_Task statement_.
Print out the full material below, exact in every line, with no images included.

_Dataset content_.
• • • •

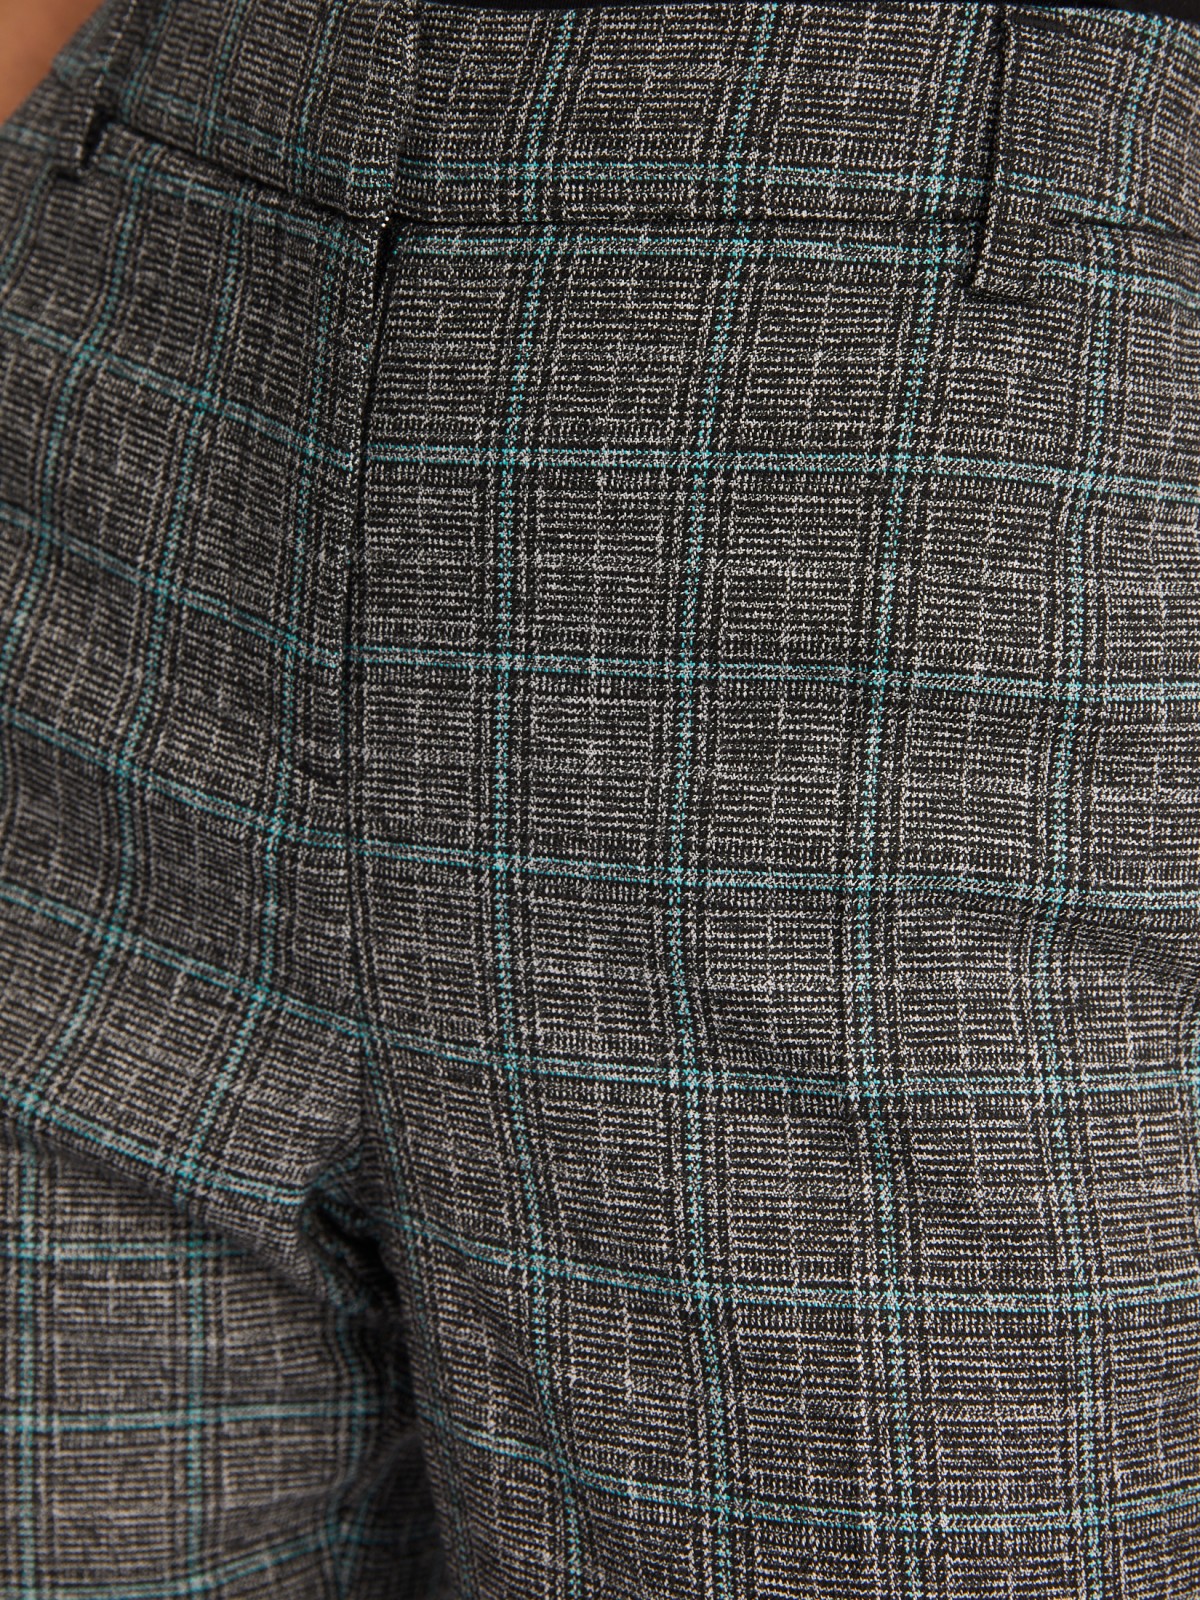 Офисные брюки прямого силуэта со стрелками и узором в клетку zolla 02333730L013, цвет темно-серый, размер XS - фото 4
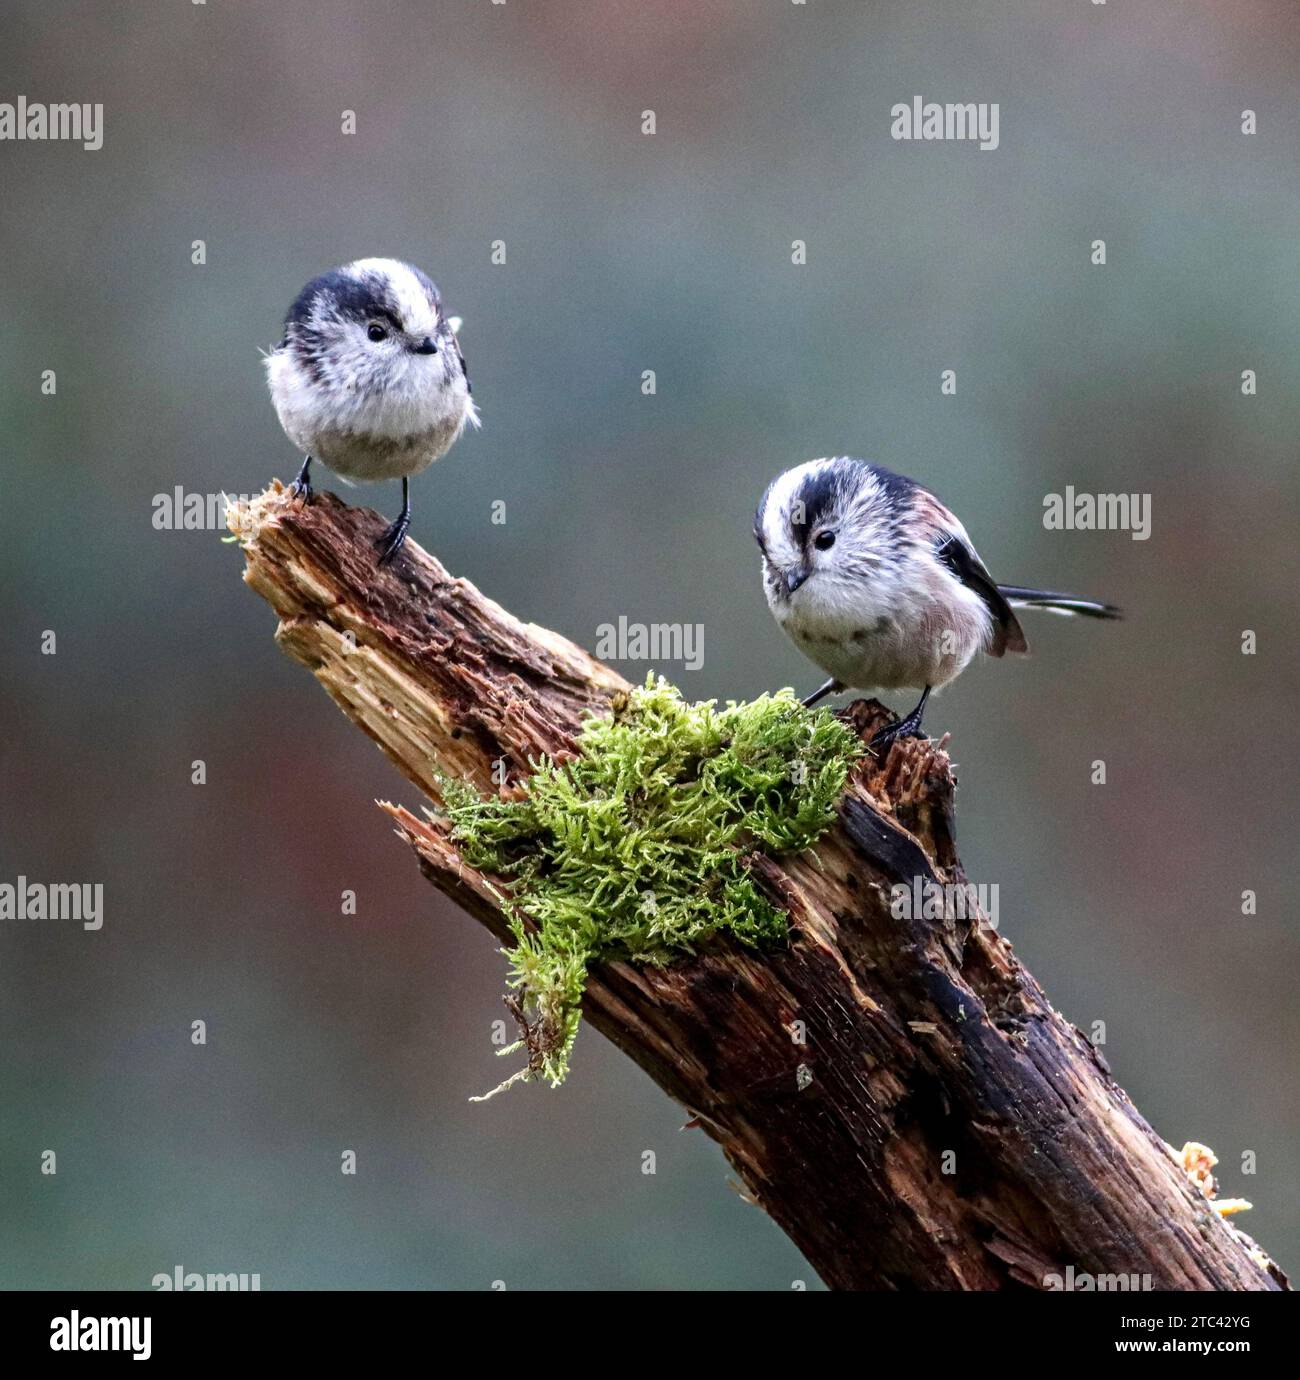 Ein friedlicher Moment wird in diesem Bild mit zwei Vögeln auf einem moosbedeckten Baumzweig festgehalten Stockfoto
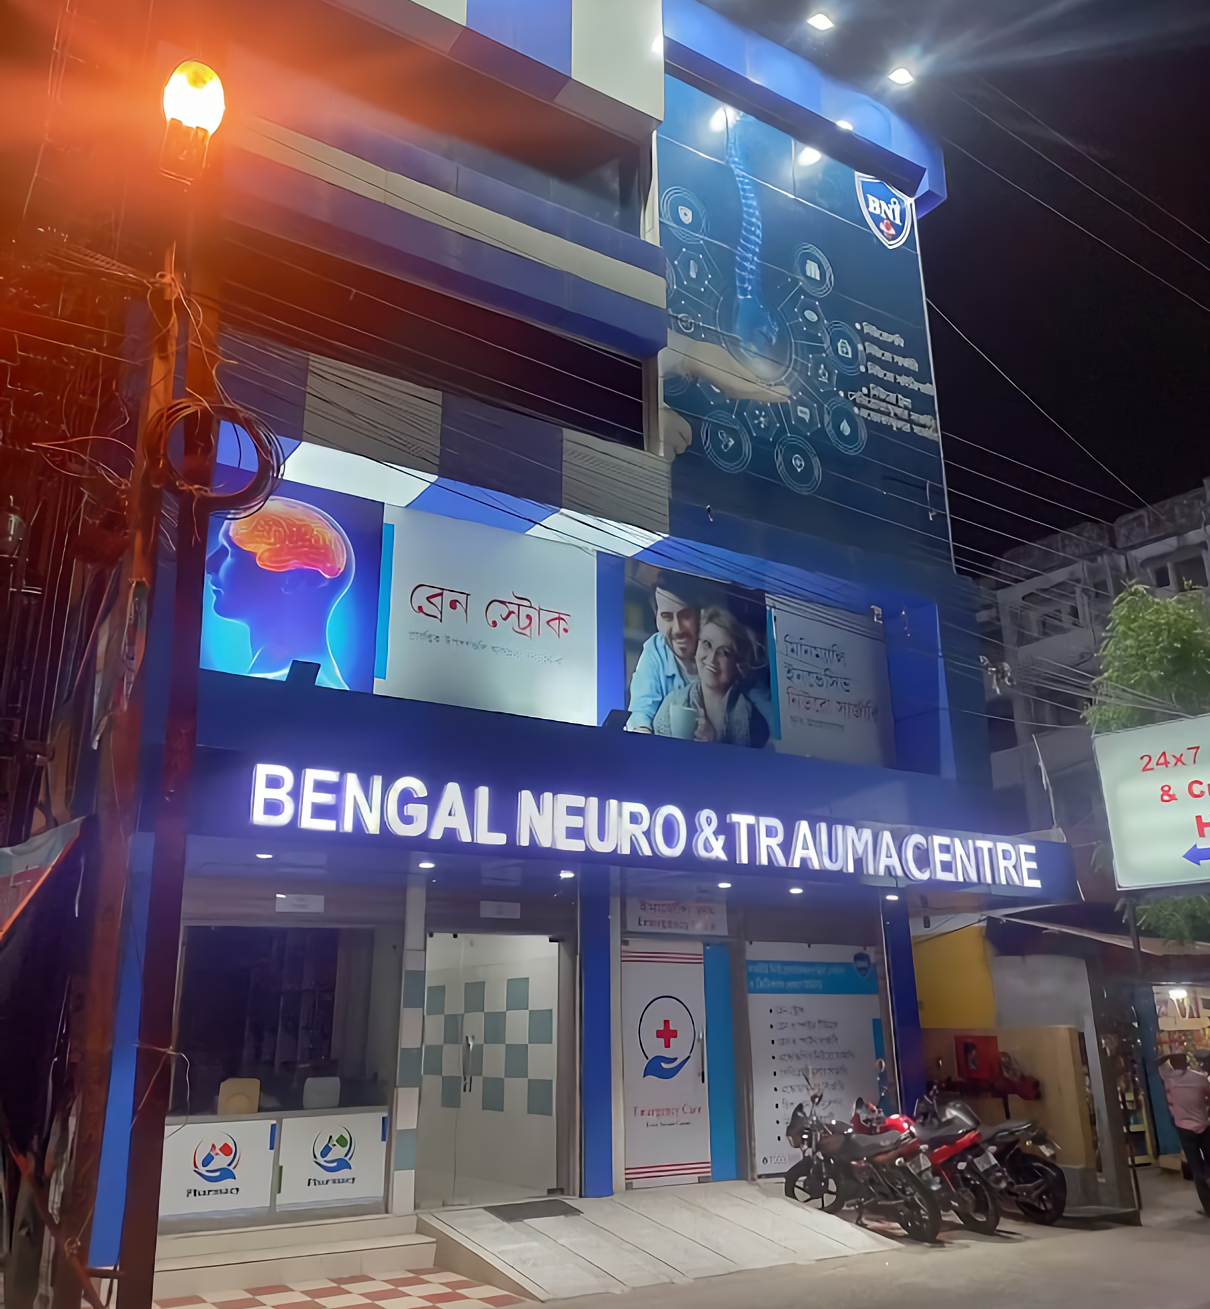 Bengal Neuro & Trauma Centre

• • • •

_Exercise output_.
 Офисные брюки прямого силуэта со стрелками и узором в клетку zolla 02333730L013, цвет темно-серый, размер XS - фото 4
 Ein friedlicher Moment wird in diesem Bild mit zwei Vögeln auf einem moosbedeckten Baumzweig festgehalten Stockfoto
 Bengal Neuro & Trauma Centre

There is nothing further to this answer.